Rétention de mineur-e-s : la CCDH regrette le surplace du gouvernement

Début avril, le gouvernement avait sèchement retoqué une proposition de loi de Déi Lénk visant à interdire la rétention de mineur-e-s avec leurs familles – la Commission consultative des droits de l’homme (CCDH) s’est autosaisie de la proposition.

(wikimedia_cayambe)

Lors d’une conférence de presse en visioconférence ce mardi après-midi, l’équipe de la CCDH a présenté son avis sur une proposition de loi – pourtant déjà mort-née, vu que le gouvernement campe visiblement sur ses positions, qui veulent que la possibilité d’enfermer des mineur-e-s soit une nécessité.

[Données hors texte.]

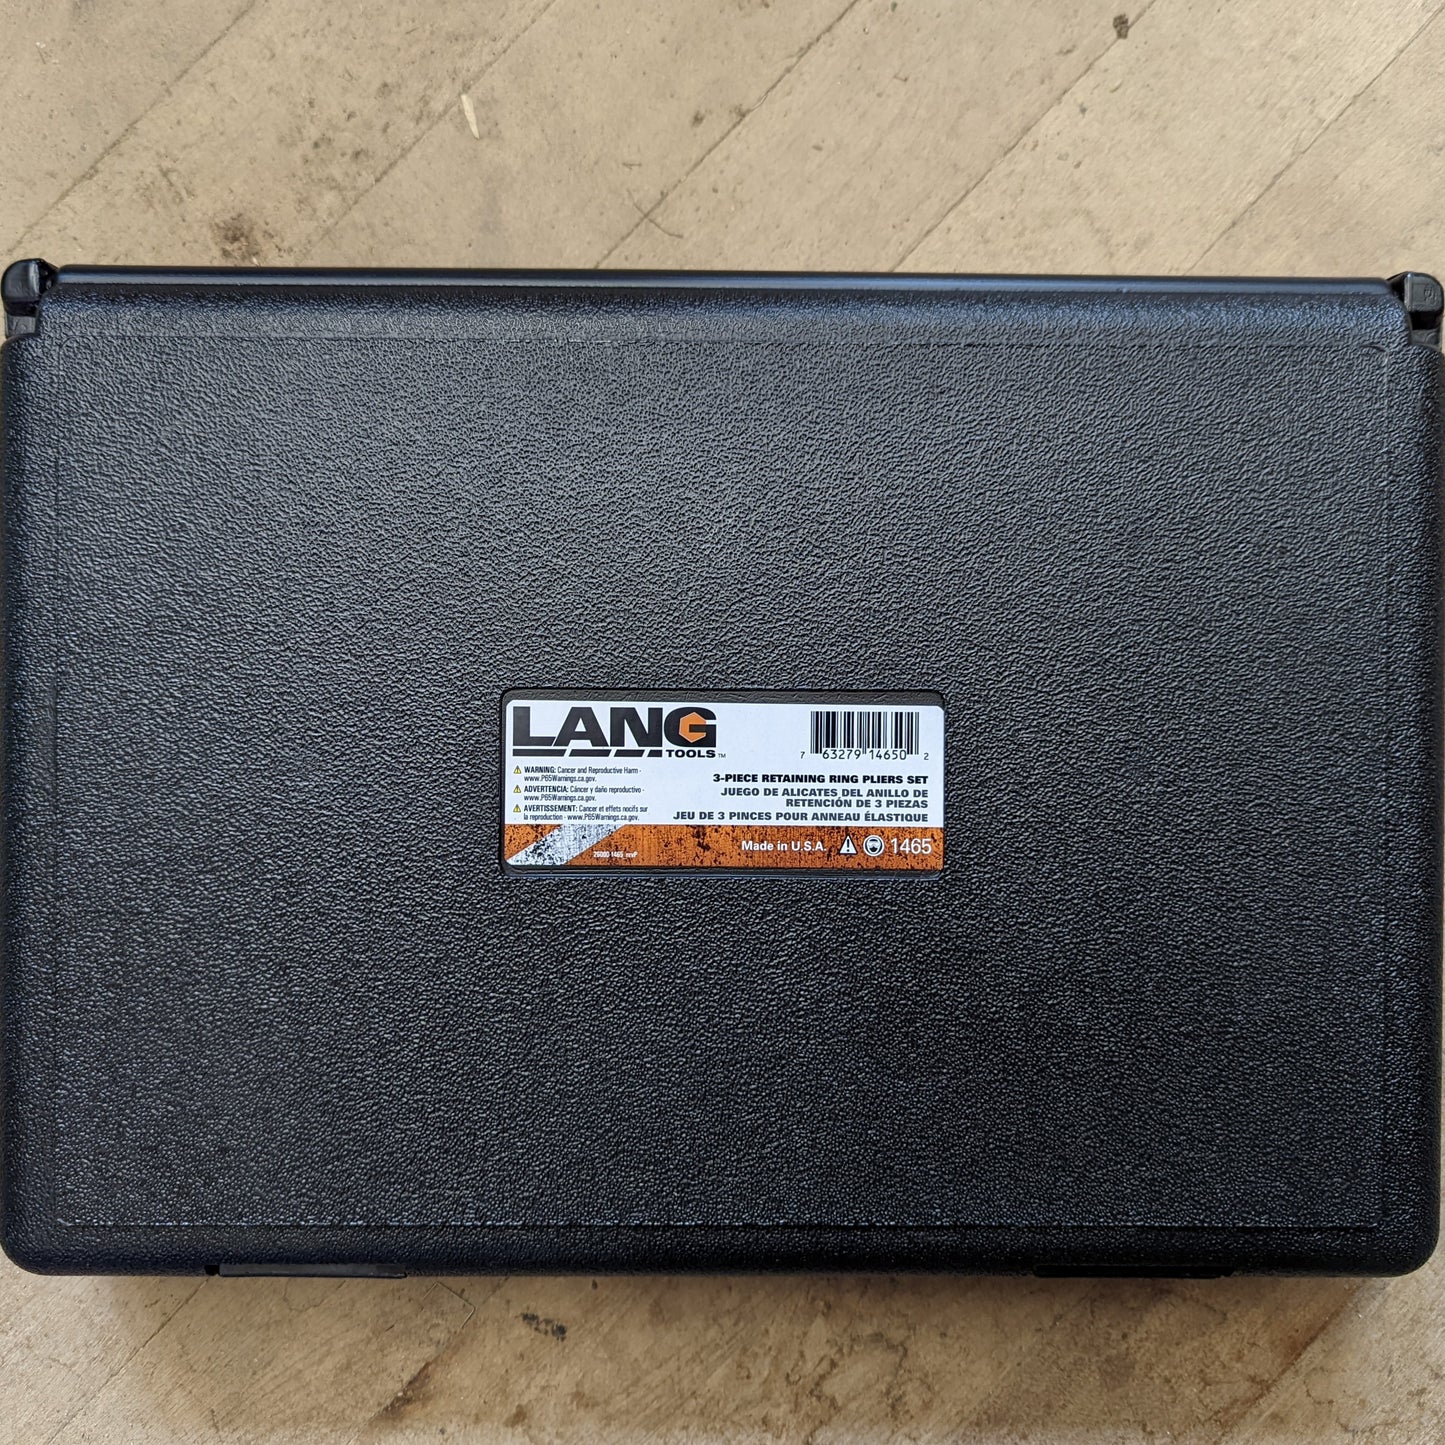 Lang 3-Piece Plier Set (044-91465-0420)

Le président de la commission Gilbert Pregno s’est expliqué sur le pourquoi et surtout le timing de la démarche : c’est que, à partir de demain, le gouvernement est auditionné par le Comité des droits de l’enfant (dépendant des Nations unies) et que la rétention de mineur-e-s tout comme l’enfermement d’enfants tout court seront sûrement des thèmes que le comité abordera. L’audition est d’ailleurs publique et peut être suivie par web TV. C’est donc le moment idéal pour rappeler au gouvernement que la société civile tant nationale qu’internationale n’approuve pas la possibilité de mettre derrière des barreaux des mineur-e-s qui souvent ont fui des zones de conflit – un tel traitement en rajoute à leurs traumatismes préexistants.

S’y ajoute qu’une mauvaise note pourrait aussi être en conflit avec les ambitions luxembourgeoises de se faire élire pour un siège au Conseil des droits de l’homme des Nations unies – une question de prestige surtout pour le ministre des Affaires étrangères et de l’Immigration, Jean Asselborn. Et cela même si l’utilité de cette assemblée est du moins questionnable – l’on se rappelle encore du scandale récent quand l’Arabie saoudite y a accédé. Entre-temps, ce pays peu regardant des droits humains n’y siège plus, mais avec Bahreïn, le Bangladesh ou encore la Somalie, la compagnie ne sera pas forcément plus agréable.

Le Luxembourg risque une condamnation du Comité des droits de l’enfant

Curieusement, Pregno n’est pas de ceux qui critiquent les aspirations asselborniennes. Tout au contraire, il préfère y voir une chance : « Même si cela ne réussit pas, la démarche à elle seule en vaut la peine. Elle va aider à changer les choses avant tout au Luxembourg », est-il convaincu. Et que les choses doivent changer, l’avis sur la proposition de loi le montre sur plusieurs points.

Au-delà du fait que le grand-duché n’a toujours pas trouvé une alternative viable à la rétention de mineur-e-s depuis les neuf ans de gouvernement de coalition, c’est avant tout une exception luxembourgeoise qui fait tiquer la CCDH : devant la justice, la Convention relative aux droits de l’enfant n’est pas applicable – alors que le pays l’a signée et ratifiée. Alors qu’elle l’est dans la majorité de nos pays voisins. « C’est un fait sur lequel personne dans les milieux de la justice, où j’ai posé plusieurs fois la question, n’a pu me répondre », ajoute Pregno. Pourtant, le Luxembourg ferait mieux de s’adapter à une meilleure protection des mineur-e-s immigré-e-s sur son territoire. 

Cela aussi pour éviter de se faire taper sur les doigts. Car, en 2016, le pays a aussi ratifié un protocole facultatif de ladite convention, qui établit une « procédure de présentation de communications ». Le Luxembourg « a ainsi accepté qu’en cas de violation de la convention, des plaintes soient introduites devant le Comité des droits de l’enfant, et il s’est engagé à s’incliner devant les décisions qui seront rendues à ce sujet », écrit la CCDH dans son avis. Et de compléter que si une telle plainte était un jour introduite, « le Luxembourg risque sans doute une condamnation ».

Tout cela amène la CCDH a regretter amèrement que le gouvernement, au lieu de s’atteler à tenir ses promesses, continue de camper sur ses positions.